# Black & Decker Vacuum Cleaner



## 101825 (Nov 18, 2006)

Hi Folks

Over the weekend we were looking at a Black & Decker VH900 vacuum cleaner. Although it works very well as a vacuum cleaner (sucks like crazy) it's a bit big/heavy. For the record, I am tired of battery-driven (cordless) cleaners because they only seem to work well for a few minutes after a full charge. So... we are looking for a 220v corded one.

The two models we like the look of are the VH900 and VH780. The shop had the VH900, but not the VH780.

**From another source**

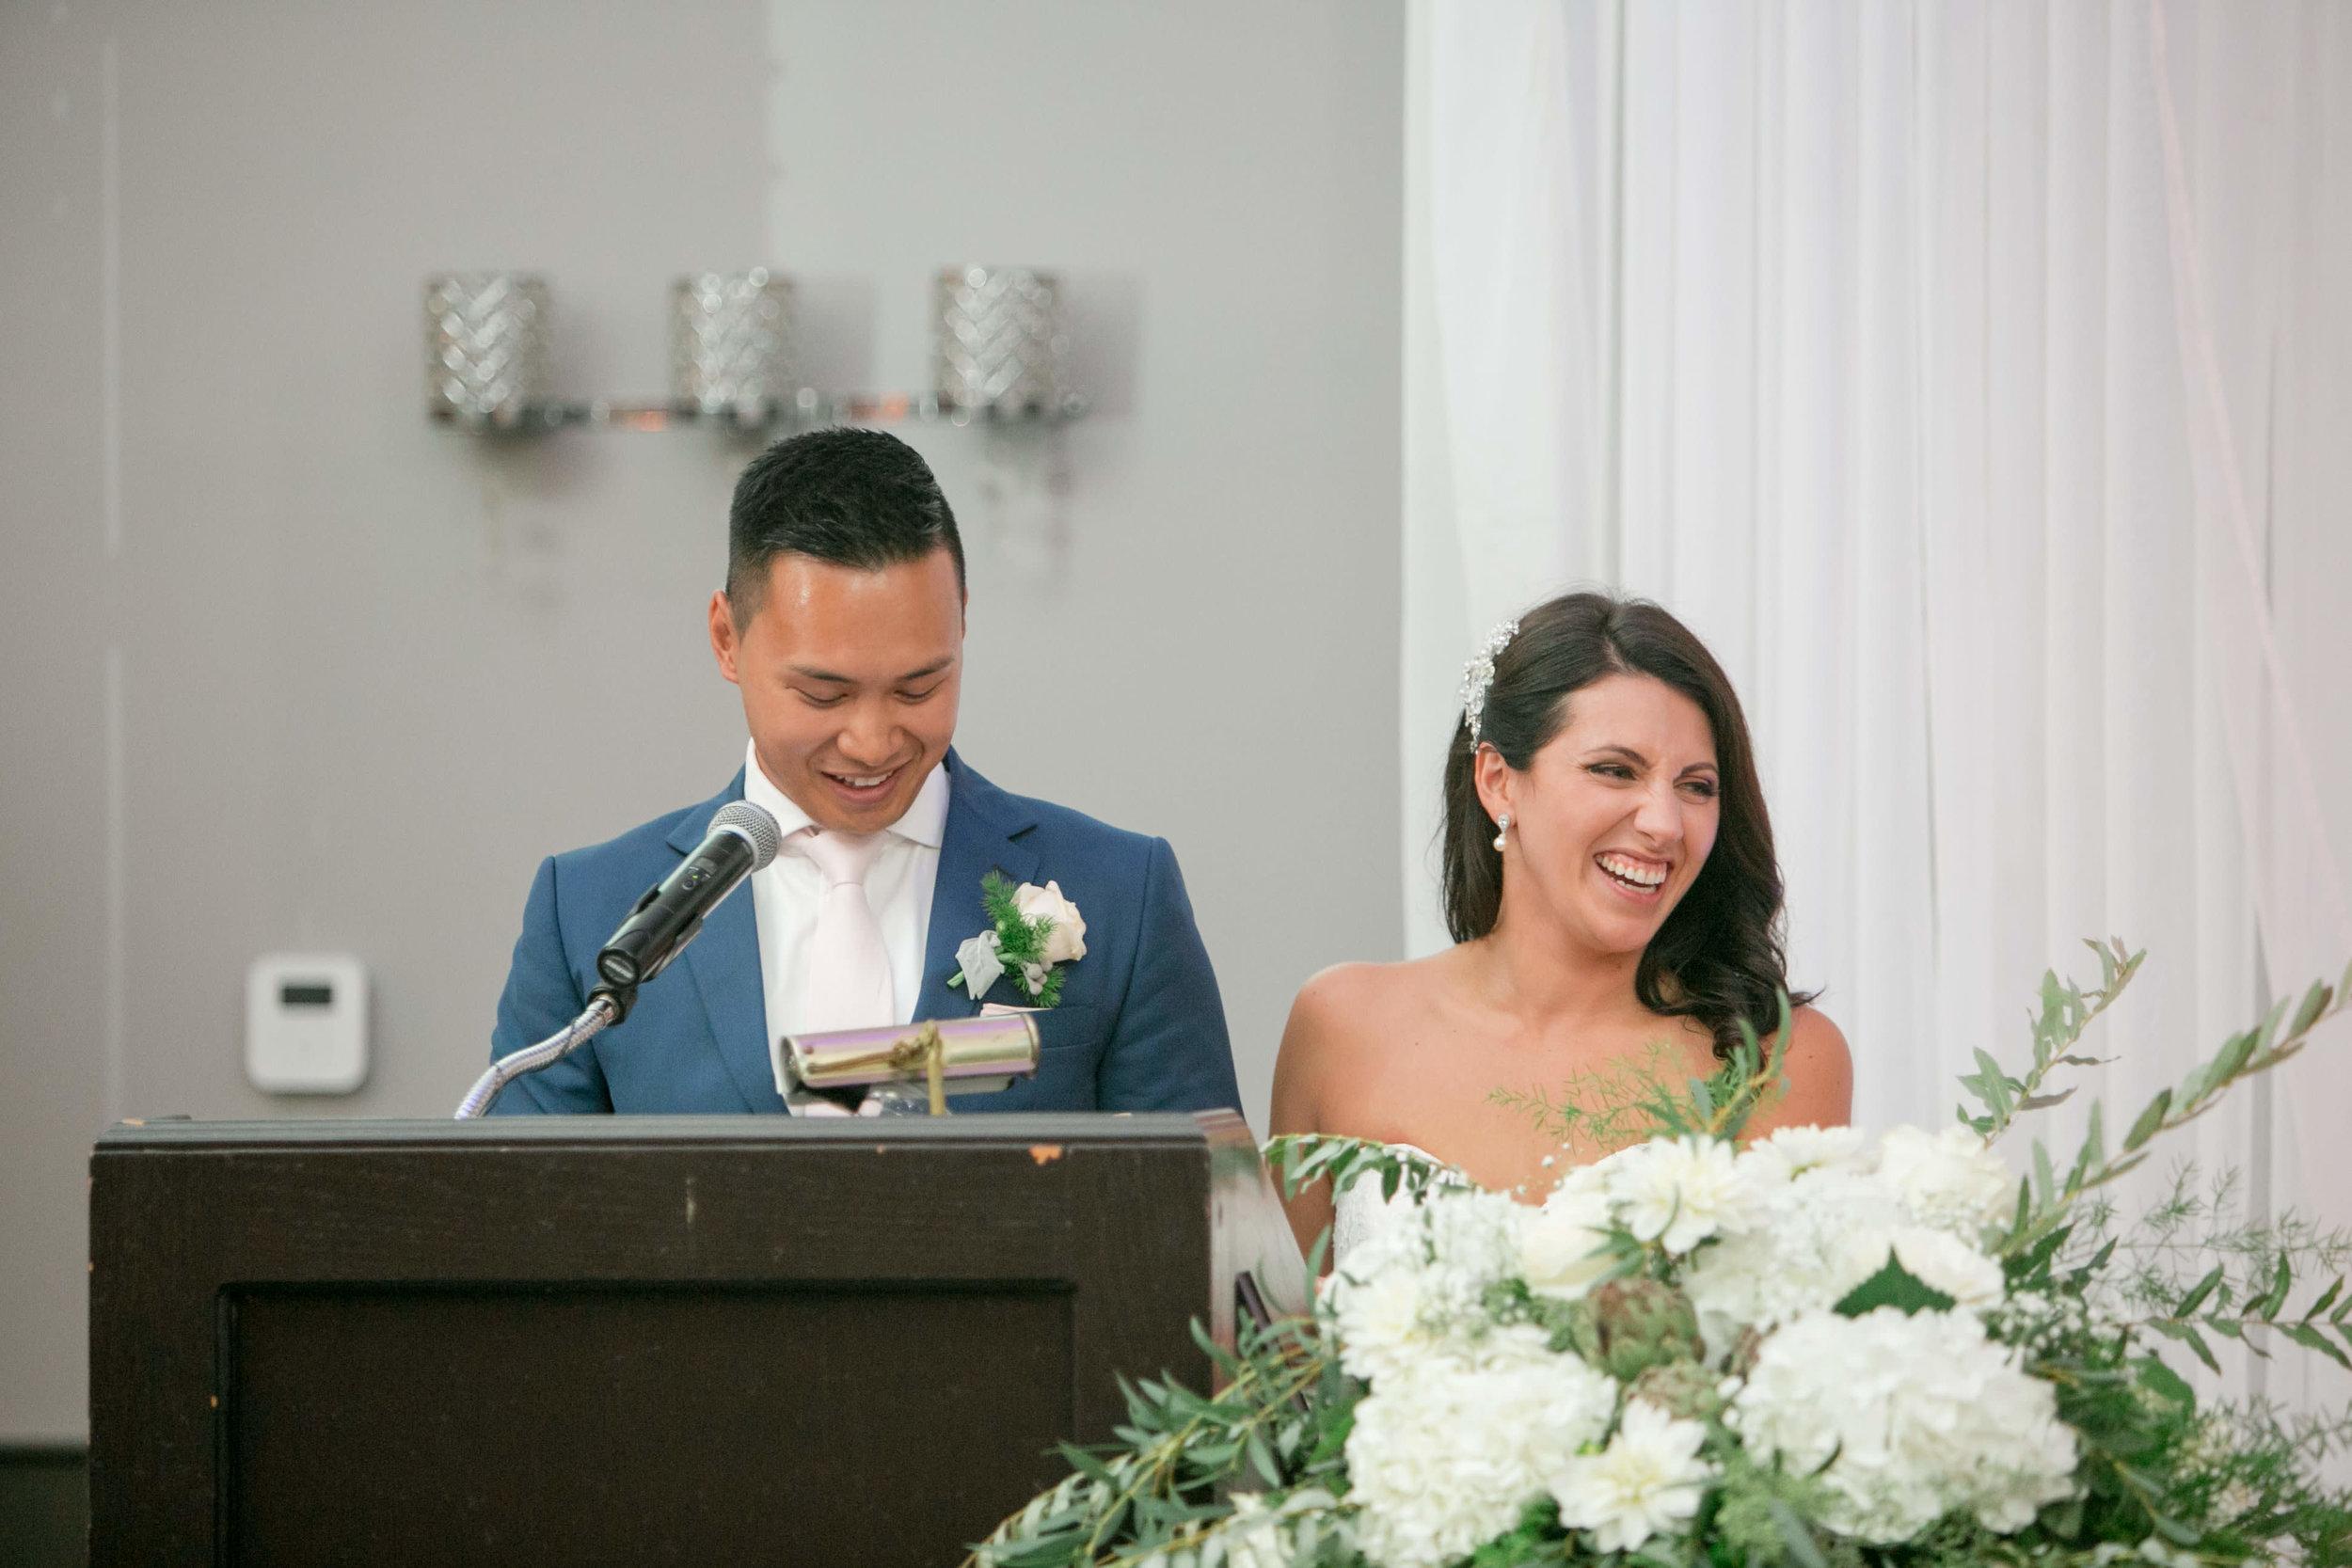 Stefanie___Bernard___Daniel_Ricci_Weddings_High_Res._Finals__662.jpg

Has anyone used the VH780, and if so how does it perform? For that matter, has anyone used the VH900?

Thanks
Roger


----------



## maddie (Jan 4, 2006)

hi roger try 1 of these 
http://www.bargains.uk.com/shop/pro...d/343?osCsid=9ae6c03c0025b84e69b6604ec0043a6e
terry


----------



## 103625 (Mar 28, 2007)

ivys said:


> Hi Folks
> 
> Over the weekend we were looking at a Black & Decker VH900 vacuum cleaner. Although it works very well as a vacuum cleaner (sucks like crazy) it's a bit big/heavy. For the record, I am tired of battery-driven (cordless) cleaners because they only seem to work well for a few minutes after a full charge. So... we are looking for a 220v corded one.
> 
> ...


hi roger,
Don't know about black and Decker, but I have just bought one of those lightweight vacumm cleaner which plugs in to your electrics it comes complete with tools, is handy to store, and it has hoovered our winniebago a treat, as I am at home now I cannot tell you the name of it but it was advertised in the Daily Mail and it was cheap too.

hope this helps somewhat

regards

ruth


----------